Dataset excerpt >>
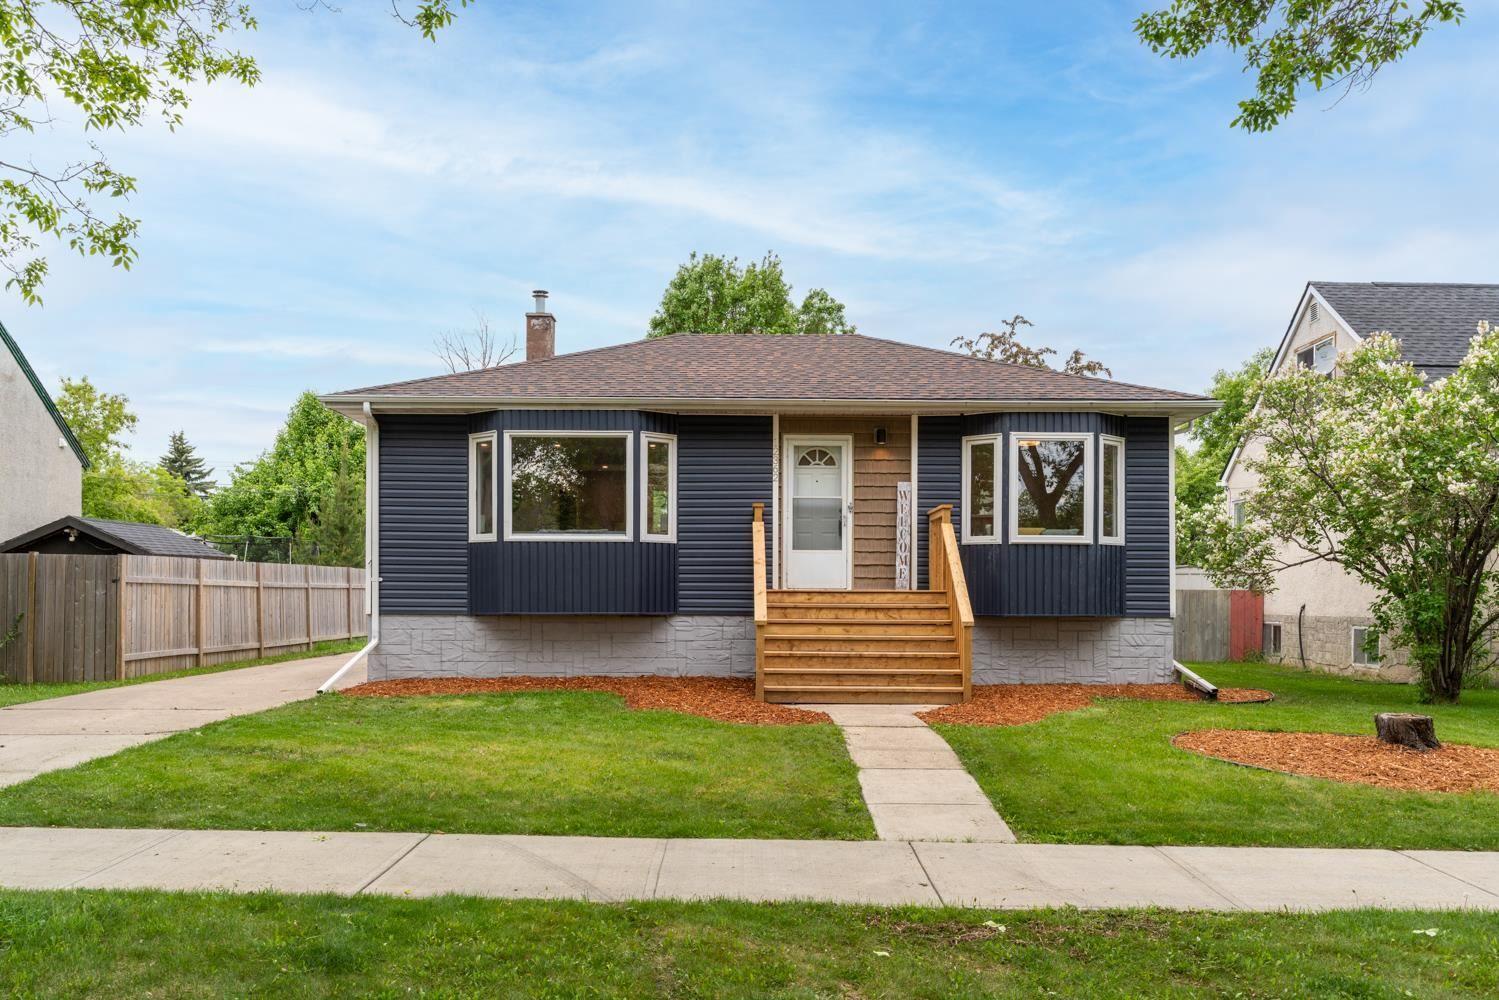 Main Photo: 12362 131 Street in Edmonton: Zone 04 House for sale : MLS®# E4248961
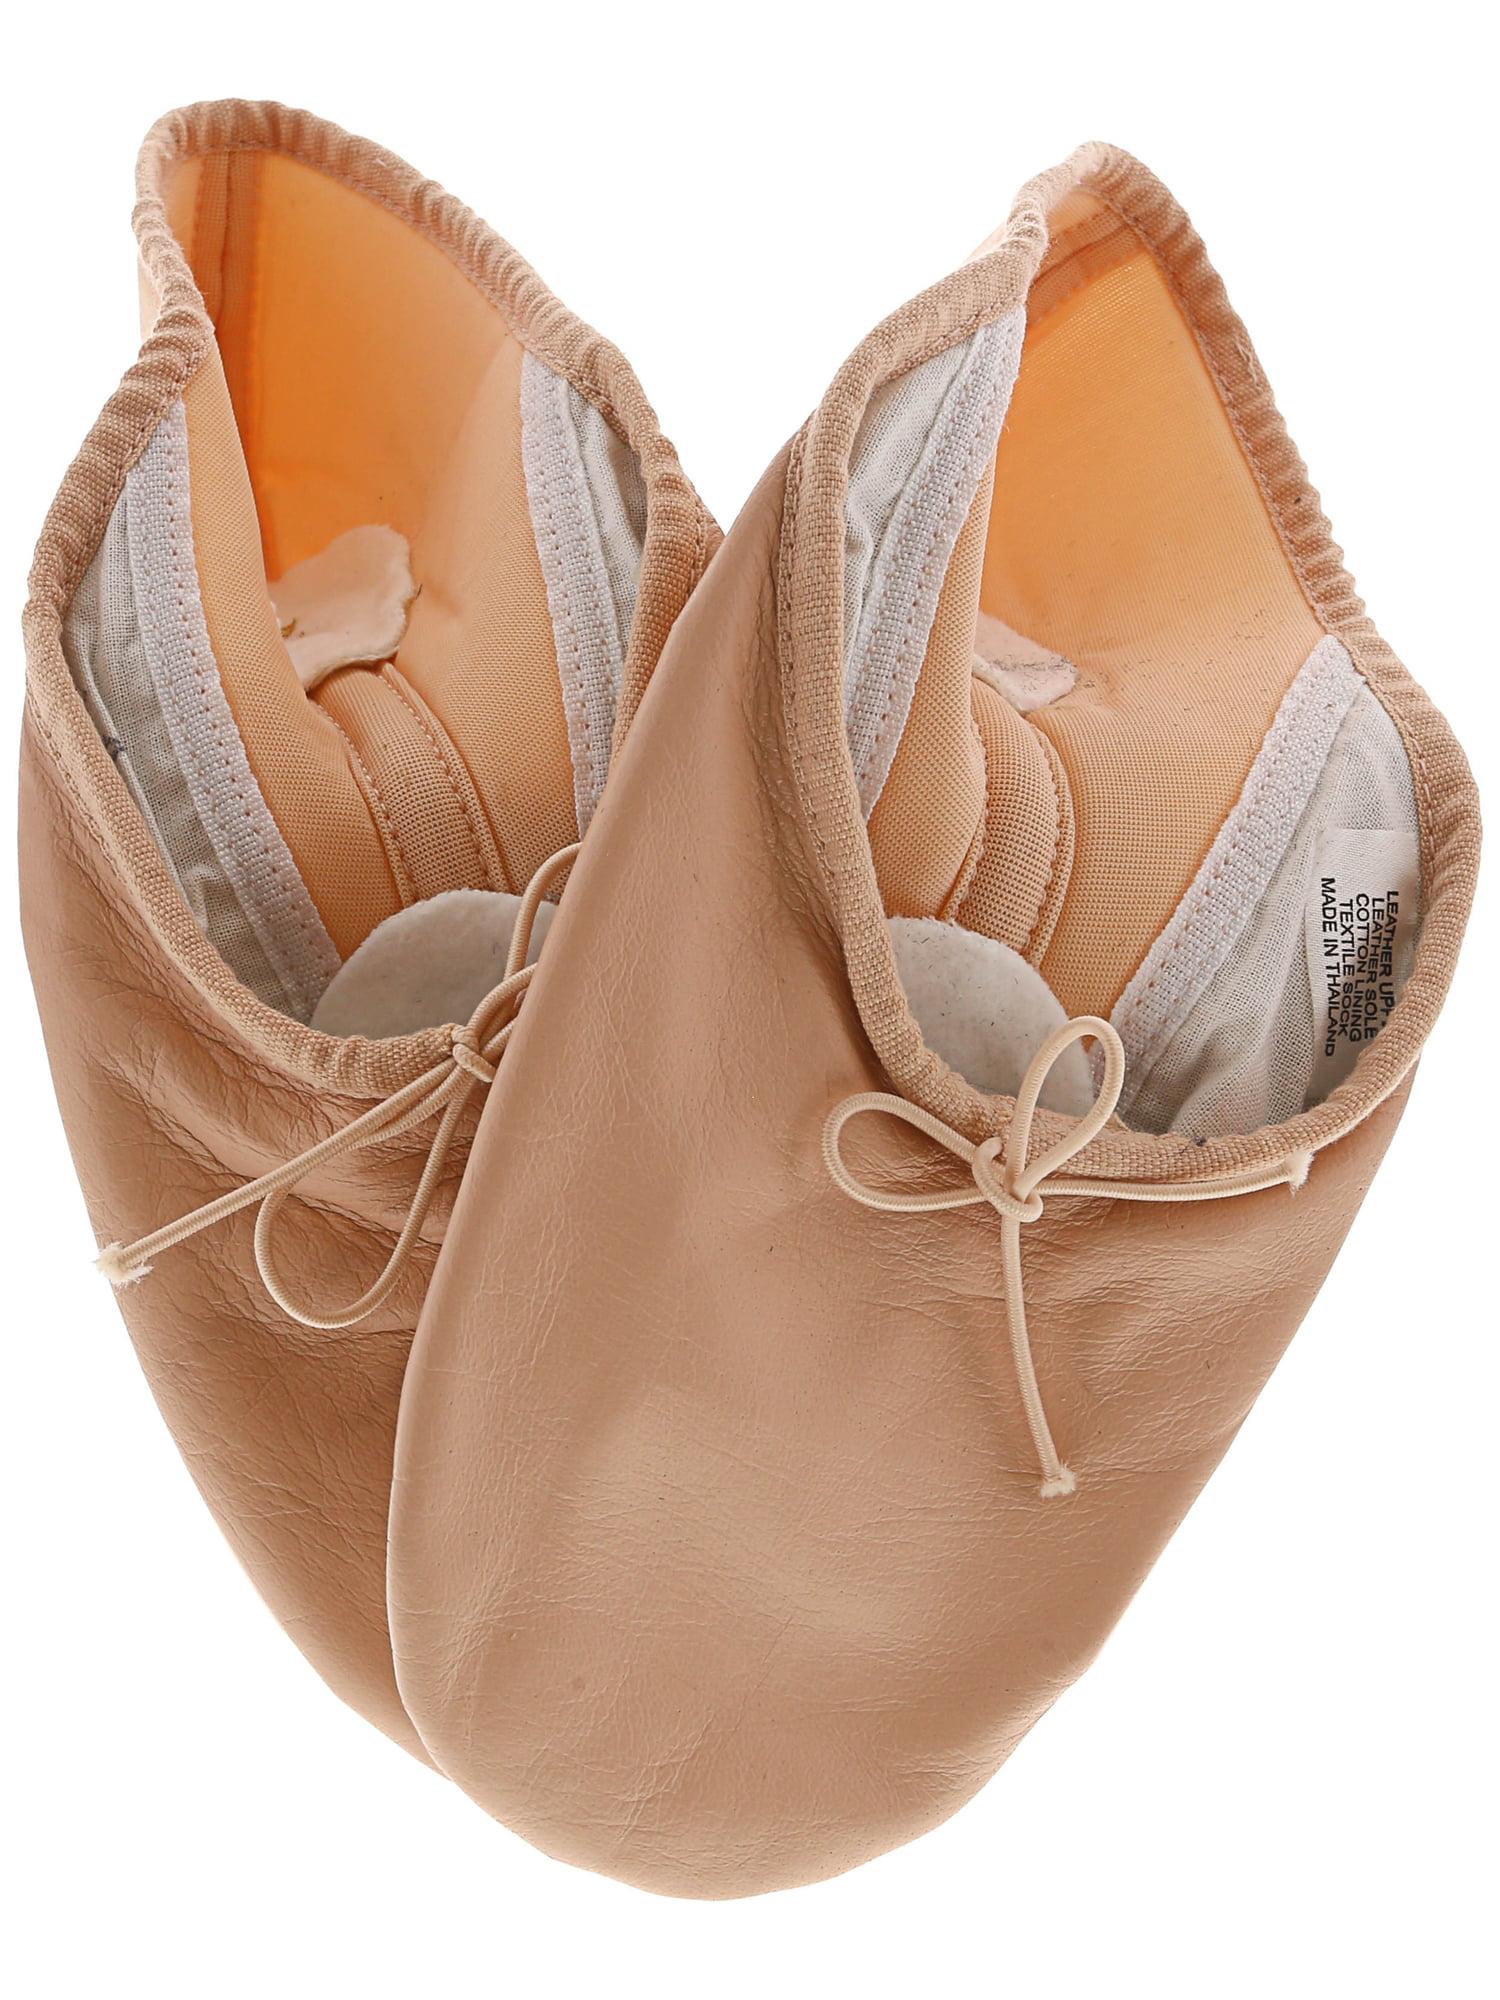 Bloch Women's Neo Hybrid Pink Leather Ballet Flat - 7.5M
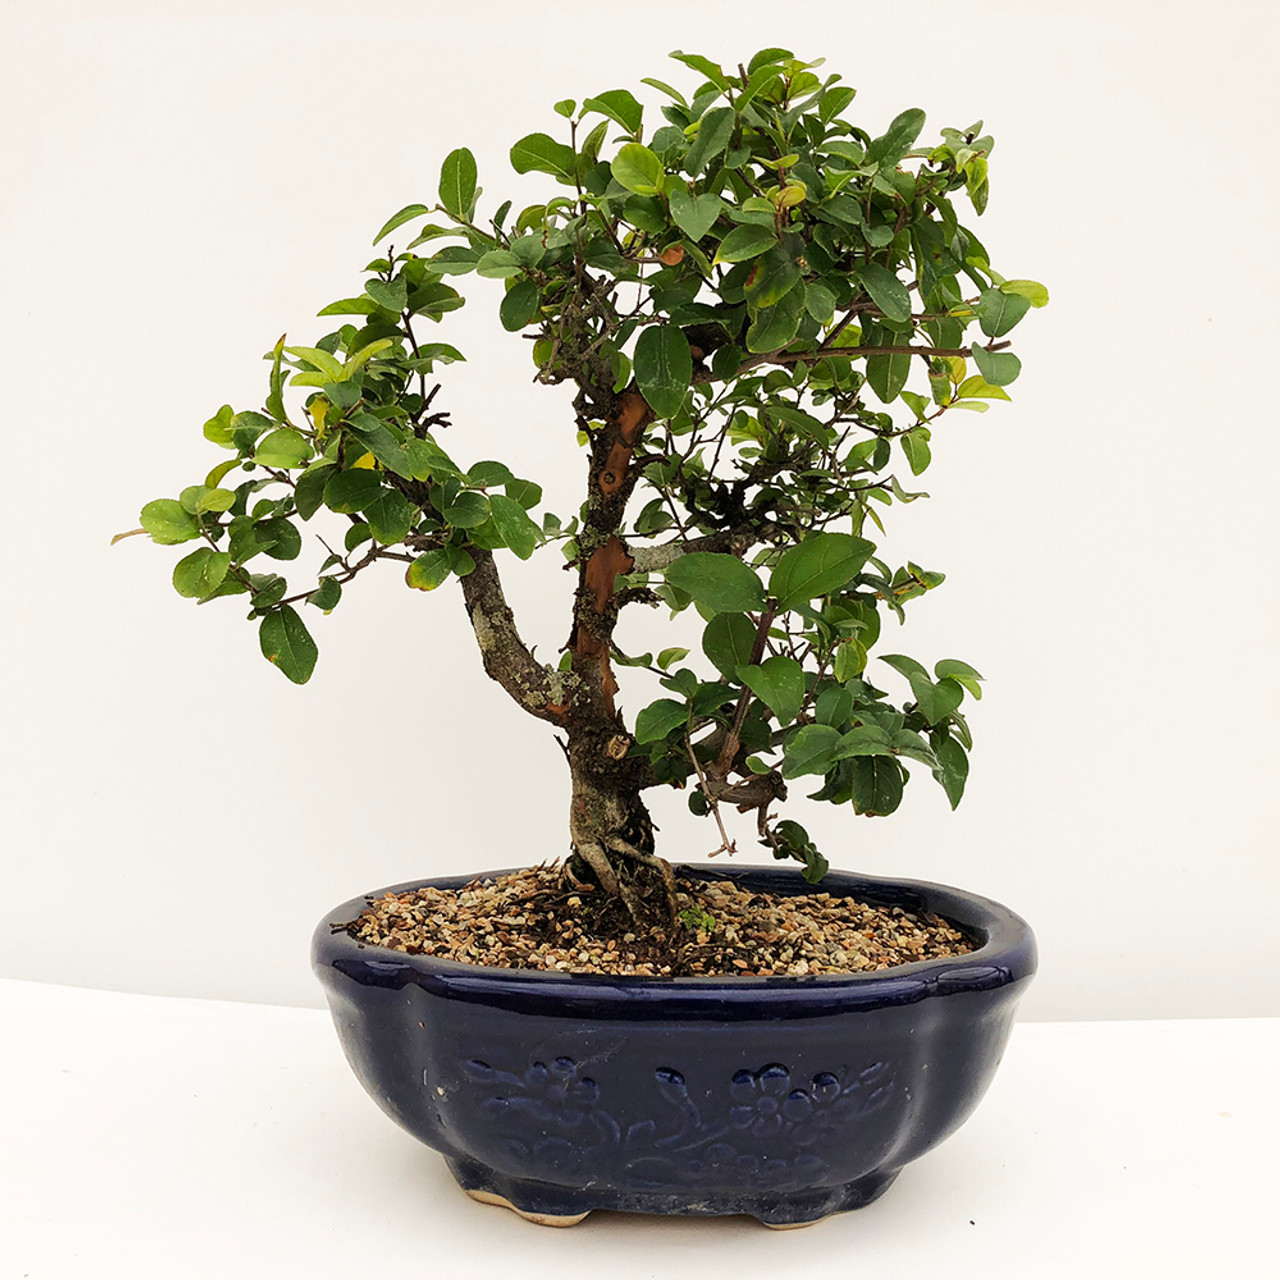 Chinese Sweet Plum Bonsai Tree Bonsai Outlet

Required action >> Write the material out again word for word and omit any images.

Result for this task >>
 Main Photo: 12362 131 Street in Edmonton: Zone 04 House for sale : MLS®# E4248961
 Bloch Women's Neo Hybrid Pink Leather Ballet Flat - 7.5M
 Chinese Sweet Plum Bonsai Tree Bonsai Outlet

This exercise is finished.